Orthogonal subspace on a Hilbert space Let $X$ be a Hilbert space and $\varphi \in X' \setminus \left\{0\right\}$. 
If
$$C=\left\{x \in X: \varphi(x)=1\right\},$$
how can I find $C^{\perp}$?
 A: Think about it geometrically. $C$ is a hyperplane that doesn't pass through the origin, so $C^\perp$ probably should be $\lbrace 0 \rbrace$. There are a few ways to think about this, but I like to think about $\operatorname{span} C$.

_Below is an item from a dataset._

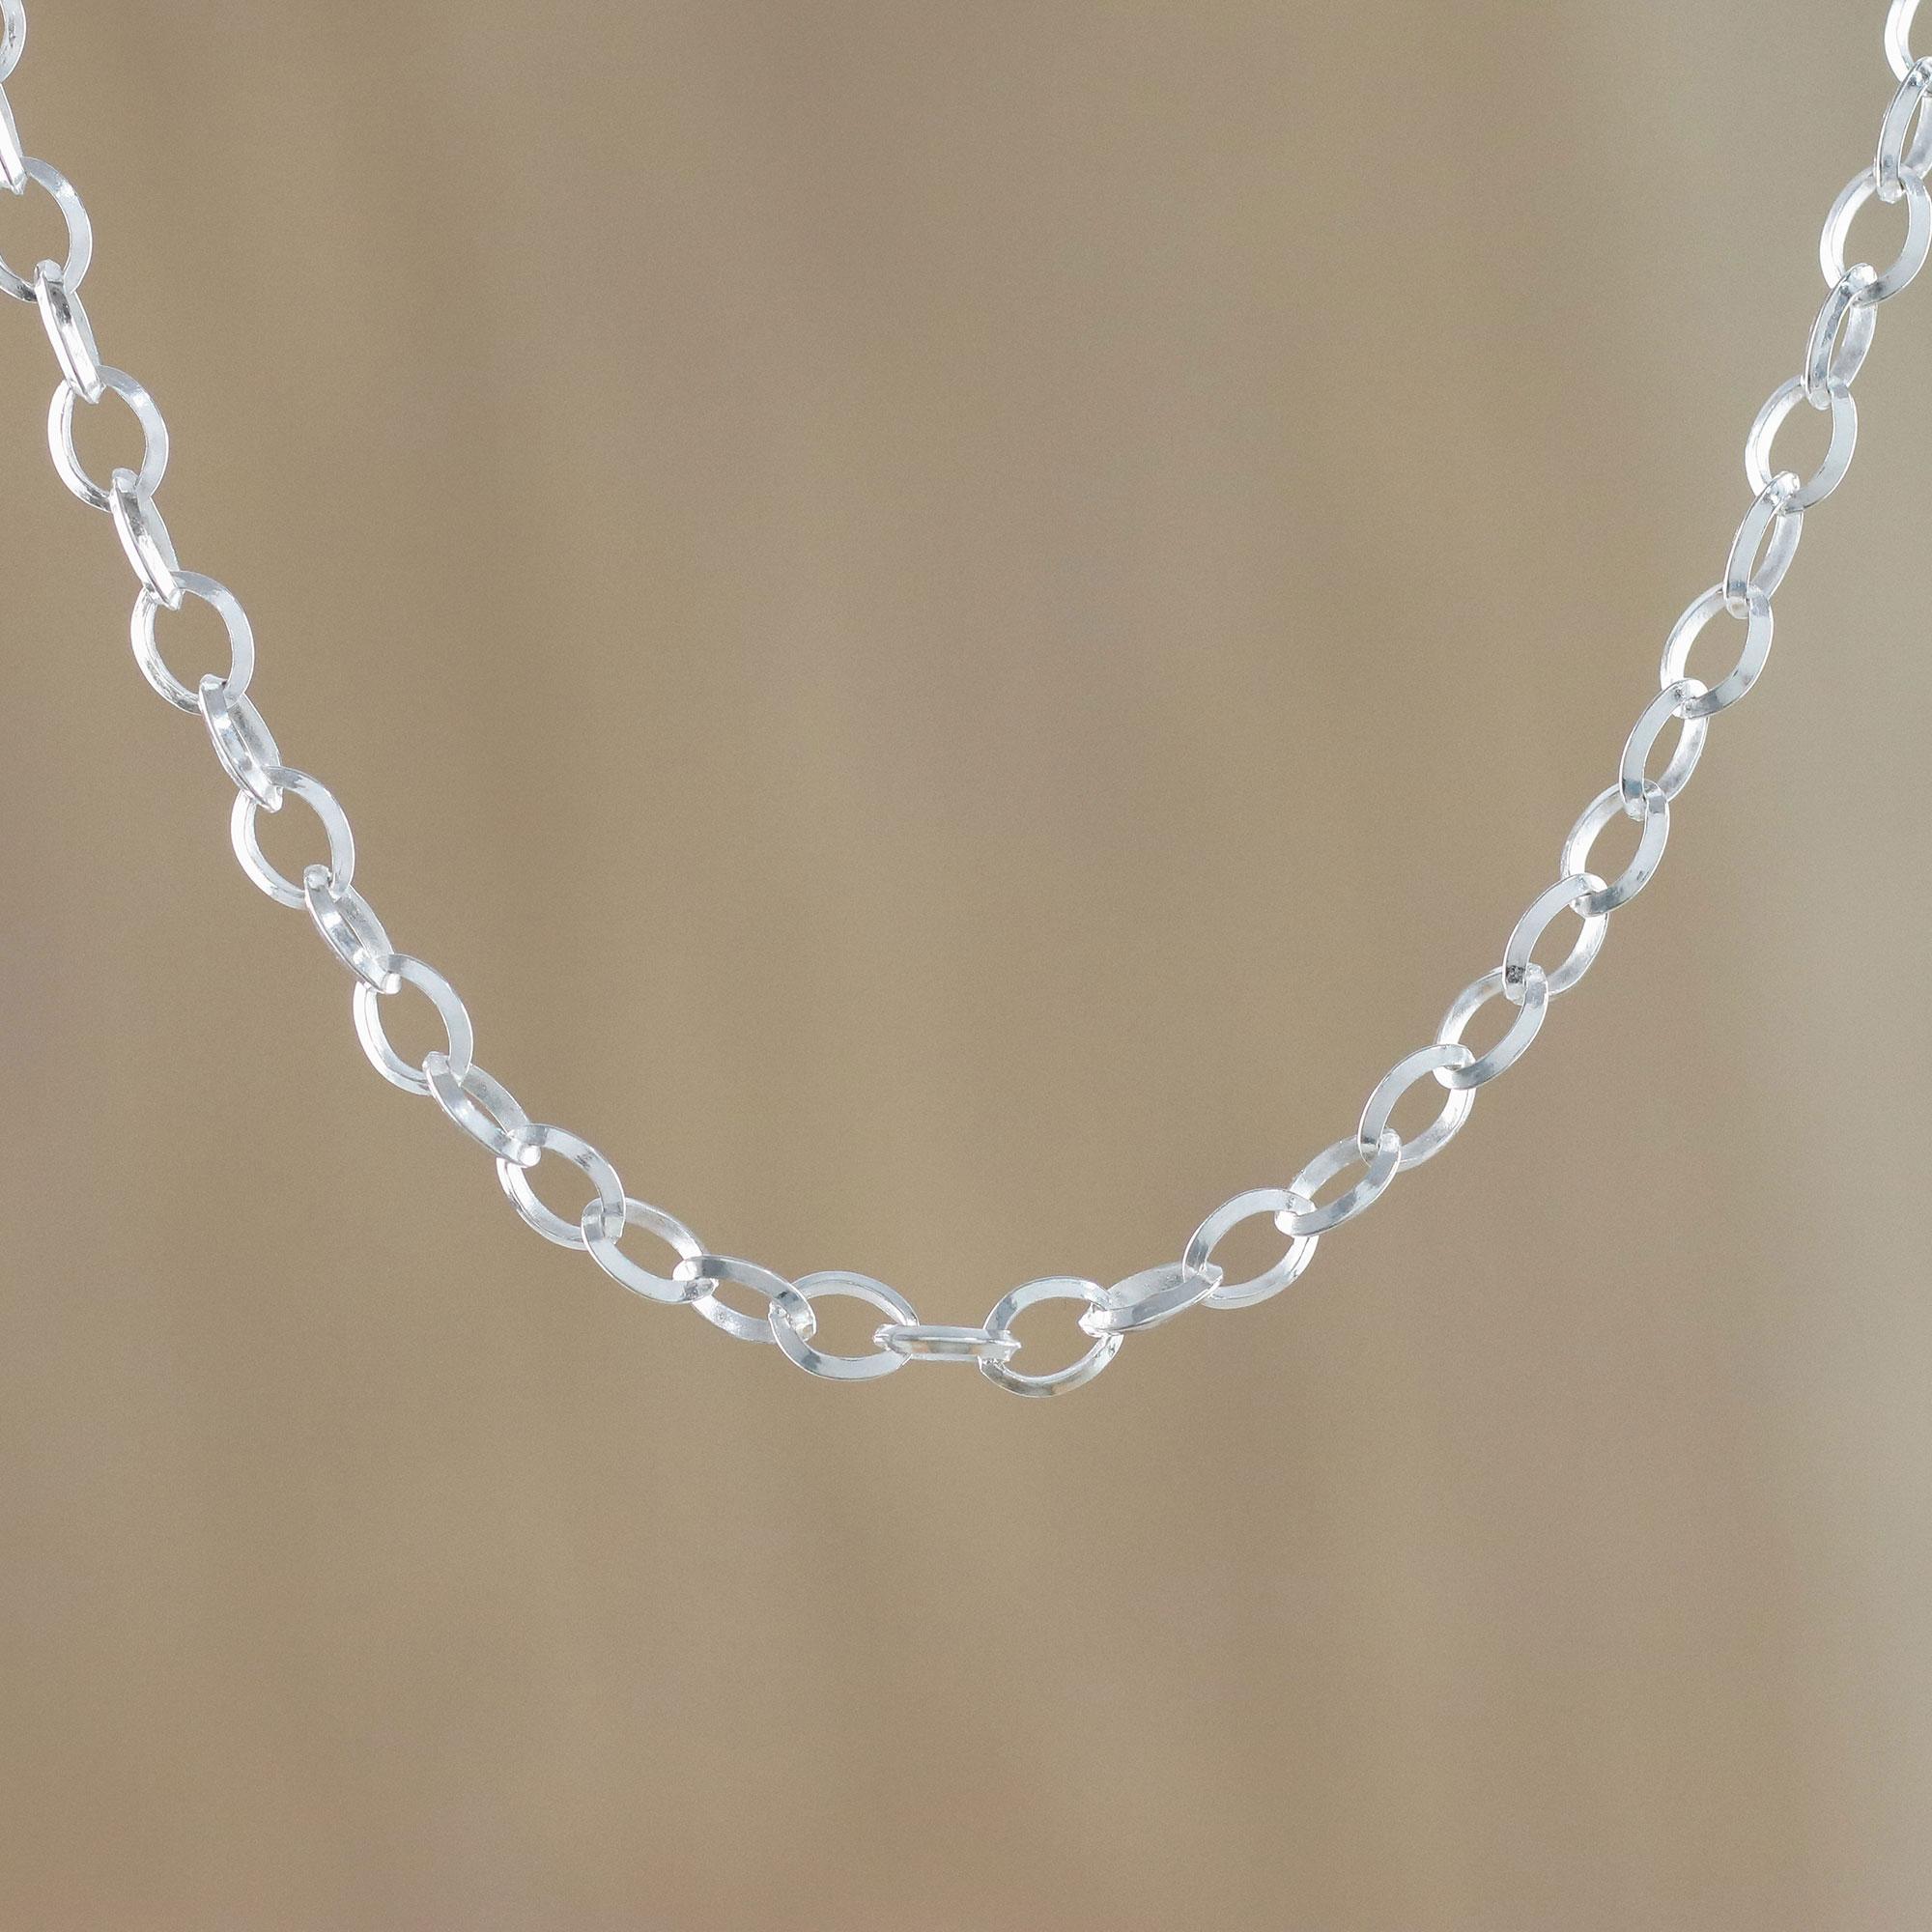 Fashionable Trendy Gold Circle Link Design Bohemian Stylish Choker Necklace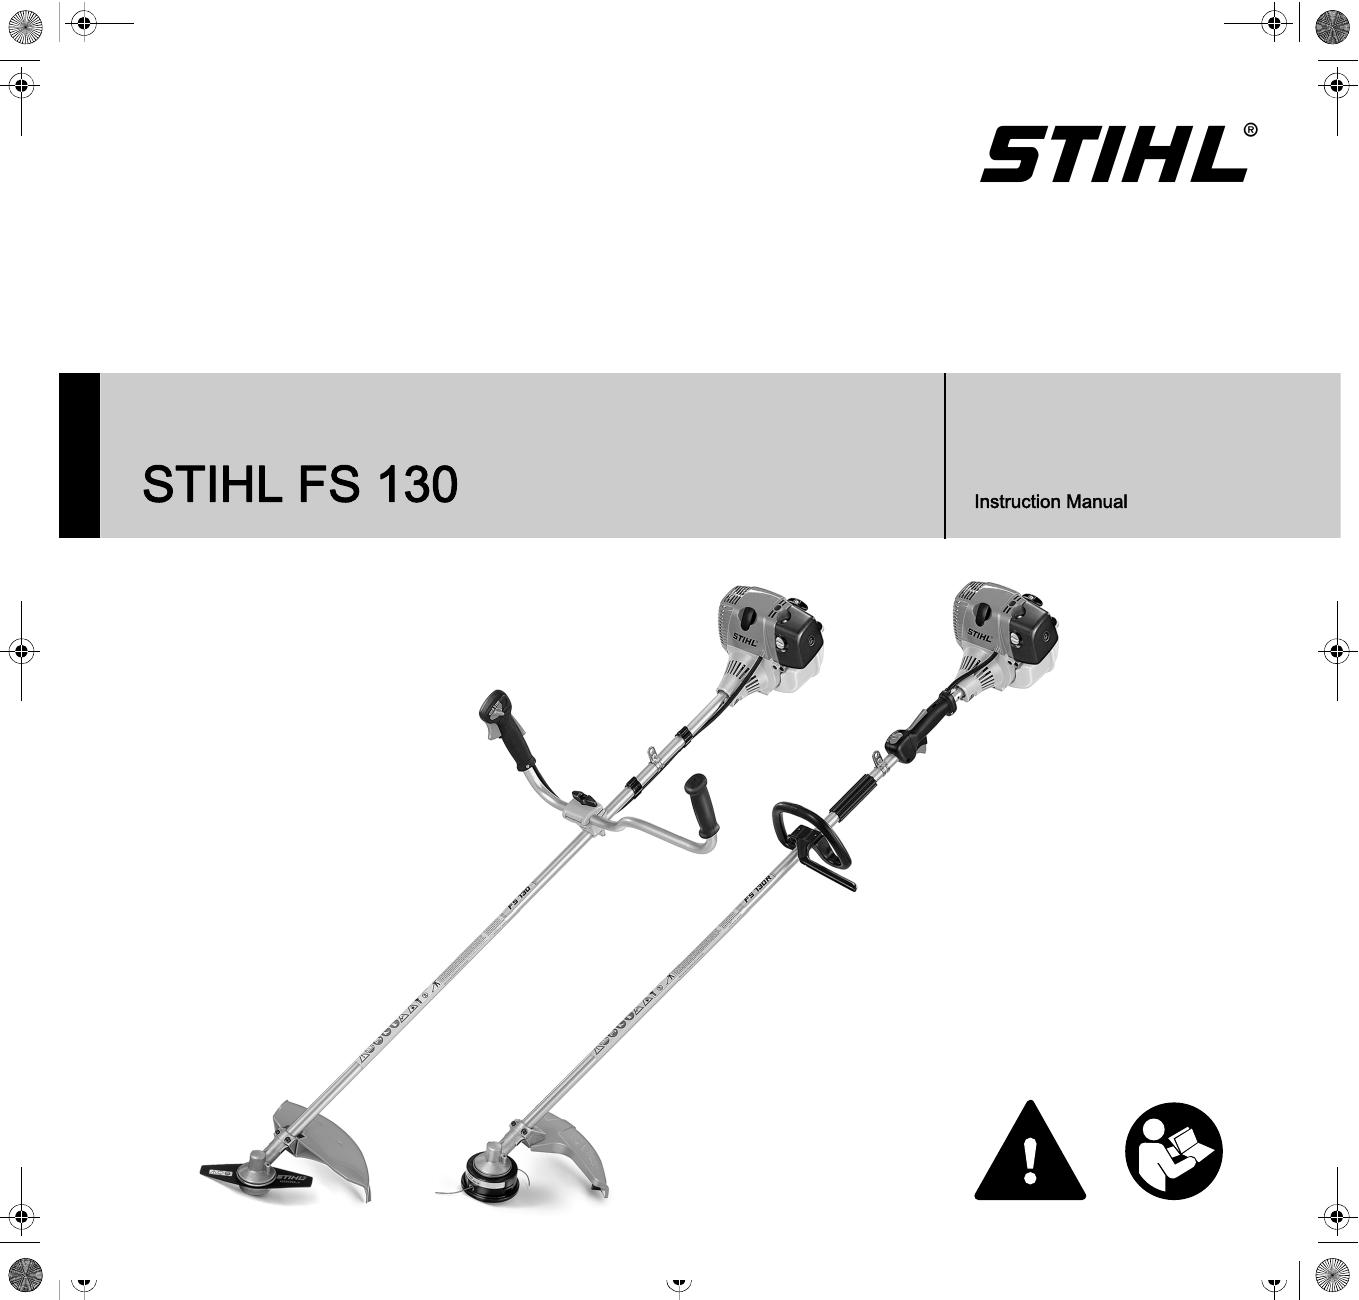 Genuine STIHL Trimmer HANDLEBAR HANDLE ONLY FS 130 131 110 111 90 91 89 200

Note that $C - C$, the subspace of all vectors between points in $C$, is a subspace of codimension $1$, and will be contained in the span of $C$. Therefore, $\operatorname{span} C$ is of codimension at most $1$; either $1$ or $0$. But it can't be $1$, otherwise it would equal $C - C$. Thus, $\operatorname{span} C = X$, and hence $C^\perp = \lbrace 0 \rbrace$.
Or we can go less geometrically. By the Riesz Representation Theorem, there exists some $u \in X \setminus \lbrace 0 \rbrace$ such that $\langle \cdot, u \rangle = \phi(\cdot)$. Suppose $v \in C^\perp$. Note that $\frac{u}{\|u\|^2} \in C$, so $\langle v, u \rangle = 0$. But then $v + \frac{u}{\|u\|^2} \in C$, so
$$0 =\left\langle v, v + \frac{u}{\|u\|^2} \right\rangle = \langle v, v \rangle + \frac{\langle v, u \rangle}{\|u\|^2} = \|v\|^2,$$
hence $v = 0$.
A: It is $C^\perp = \{0\}$. Indeed, take $x \in C^\perp$.
Assume $\phi(x) \ne 0$. Write it in polar form $\phi(x) = |\phi(x)|e^{i\psi}$.
We have:
$$\phi\left(x\cdot\frac{e^{-i\psi}}{|\phi(x)|}\right) = \frac{\phi(x)e^{-i\psi}}{|\phi(x)|} = \frac{|\phi(x)|}{|\phi(x)|} = 1$$
so $x\cdot\frac{e^{-i\psi}}{|\phi(x)|} \in C$.
Therefore $x \perp x\cdot\frac{e^{-i\psi}}{|\phi(x)|}$ so:
$$0 = \left\langle x, x\cdot\frac{e^{-i\psi}}{|\phi(x)|}\right\rangle = \overbrace{\frac{e^{i\psi}}{|\phi(x)|}}^{\ne 0} \cdot \|x\|^2 \implies x= 0$$
Otherwise, if $\phi(x) = 0$, take any $y \in C$. Notice that $\phi(x+y) = \phi(x) + \phi(y) = 1$ so $x + y\in C$.
Therefore $x \perp x + y$ and $x \perp y$ so:
$$0 = \langle x, x + y\rangle = \langle x, x, \rangle + \langle x, y \rangle = \|x\|^2 \implies x = 0$$
Hence $C^\perp = \{0\}$.